For one thing, the technologist and computer scientist who was previously the Vice-Chancellor of the multi-campus Ulster University in Northern Ireland managed to get a spot on the last Qantas flight into Sydney last month with his wife and two children.

He takes that as a portent of good fortune.

They immediately went into self-isolation in Canberra at the Vice-Chancellor’s residence on the Bruce Campus.

Yesterday he held a virtual Town Hall meeting with his staff as the UC’s sixth Vice-Chancellor where he committed to guiding the UC through the COVID-19 crisis and beyond.

“Although this pandemic has created uncertainty, higher education and reskilling can provide new opportunities and positive potential for the future,” he said.

The University of Canberra is implementing six-month short courses in areas of national priority such as health, digital communications and IT, with further opportunities in other areas to be rolled out from June.

Professor Nixon, who was the first in his family to attend university, said he carried a “personal understanding of the significant impact a university education can have and, hence, I am deeply passionate about the civic role of a university and its core purpose of educational opportunity for all.”

New University of Canberra Vice-Chancellor Paddy Nixon. Photo: Rohan Thomson

He saw the student experience at the heart of a successful university and under his leadership, Ulster University was awarded the Times Higher Education award for Most Improved Student Services.

With the ACT due to begin Term 2 through distance education, Professor Nixon sought to assure college students in particular that UC was adapting quickly to the new circumstances.

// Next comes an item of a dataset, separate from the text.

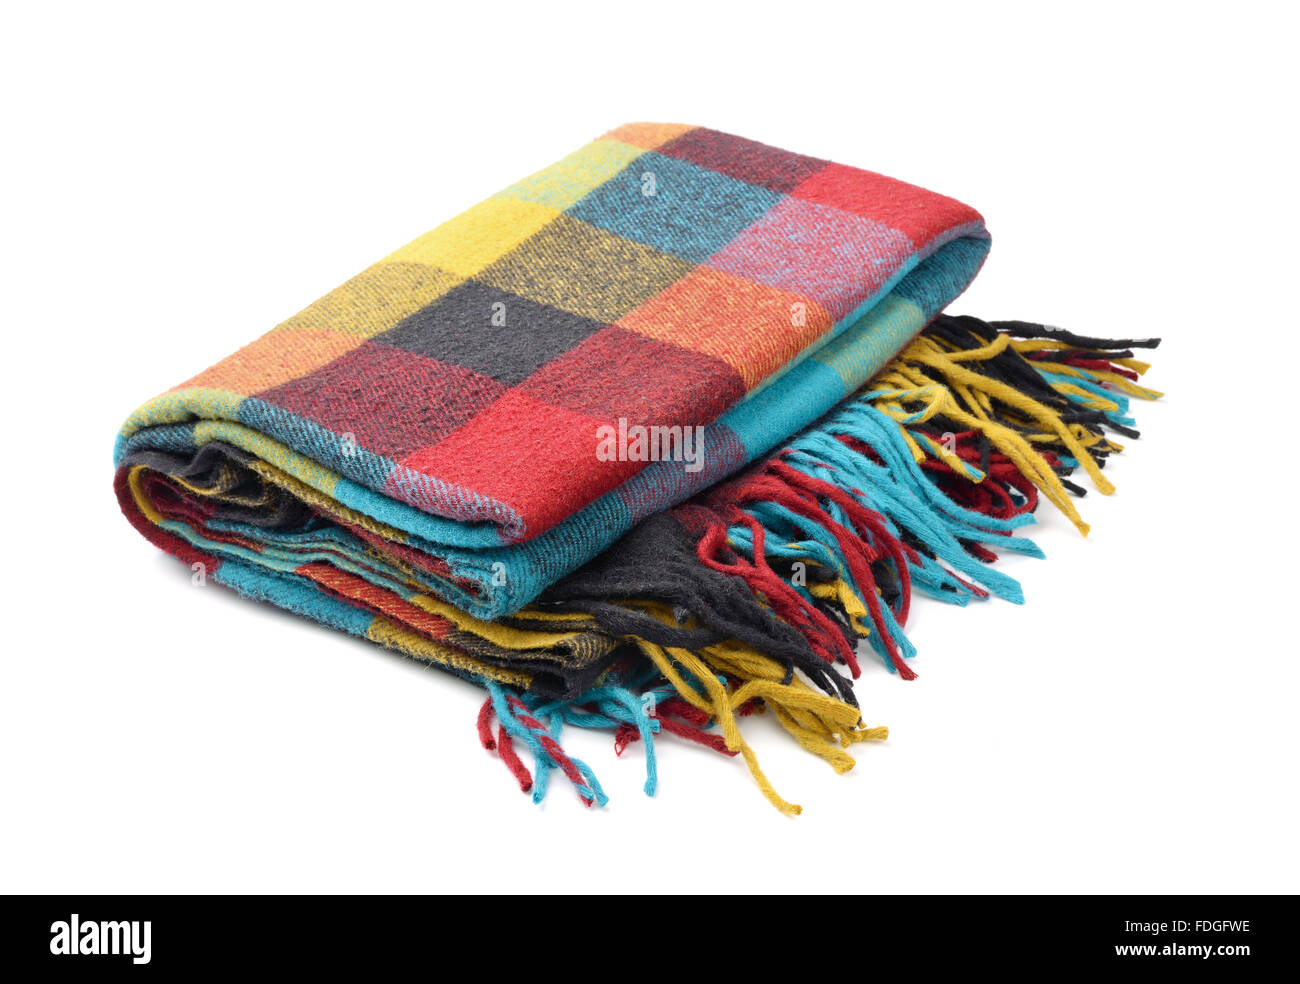 Plaid wool blanket isolated on white - Stock Image
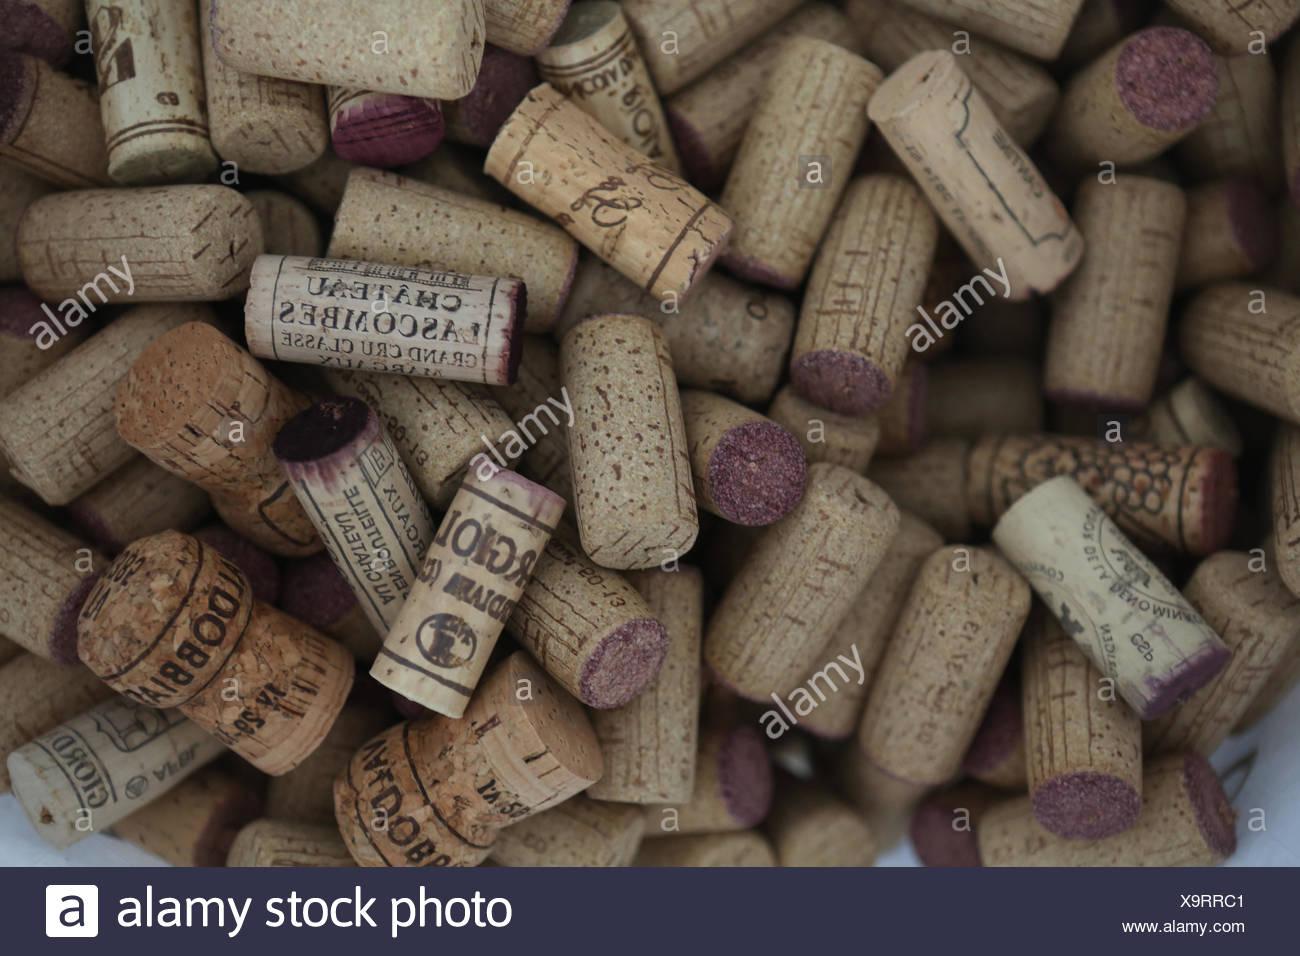 Zuerich, Switzerland, wine corks - Stock Image

The UC was already accelerating a number of pathways to entry beyond an ATAR, including the Schools Recommendation Scheme; the Educational Access Scheme; the Portfolio Entry Scheme and entry pathways for professionals.

“No Year 12 student—or anyone looking to reskill for life-long learning—will be left behind, with many alternative pathways for higher education,” he said.

“Here at the University of Canberra, we don’t believe ATAR scores provide the full picture, and we want to ensure that students out there who have the will to study and the initiative to work hard and apply themselves at university will have the opportunity to do so.”

He was also proud to see so many members of the university community contribute to the city during the COVID-19 crisis.

“The way that UC has stepped up to support Canberra and the ACT region is nothing short of extraordinary. From providing senior nursing staff to key roles to assisting the transition to teaching online in our schools, UC has been working with our community every challenging step of the way.”

Students had even undertaking voluntary training and work to assist with contact tracing of instances of and response to COVID-19.

Personally, it has been a challenging time for Professor Nixon to try and familiarise himself with the university when there are so few students or staff on campus.

“Campus doesn’t feel right without that vibrancy and energy, although I have been able to see a lot of beauty in the bush campus.”

He was very much looking forward to interacting with the UC community in person once it was safe to do so and noted that the unprecedented change created by the global pandemic also provided him with perhaps greater freedom in leading the university forward.

“Coming in, it gives me a chance to look at things afresh. The status quo is not something we can entertain anymore.”

He also paid tribute to the stamina of Interim Vice-Chancellor and President Belinda Robinson “for guiding the university through an unprecedented time of intense external forces from January to April—from bushfires and hailstorms, to the transition to a virtual campus due to the pandemic.”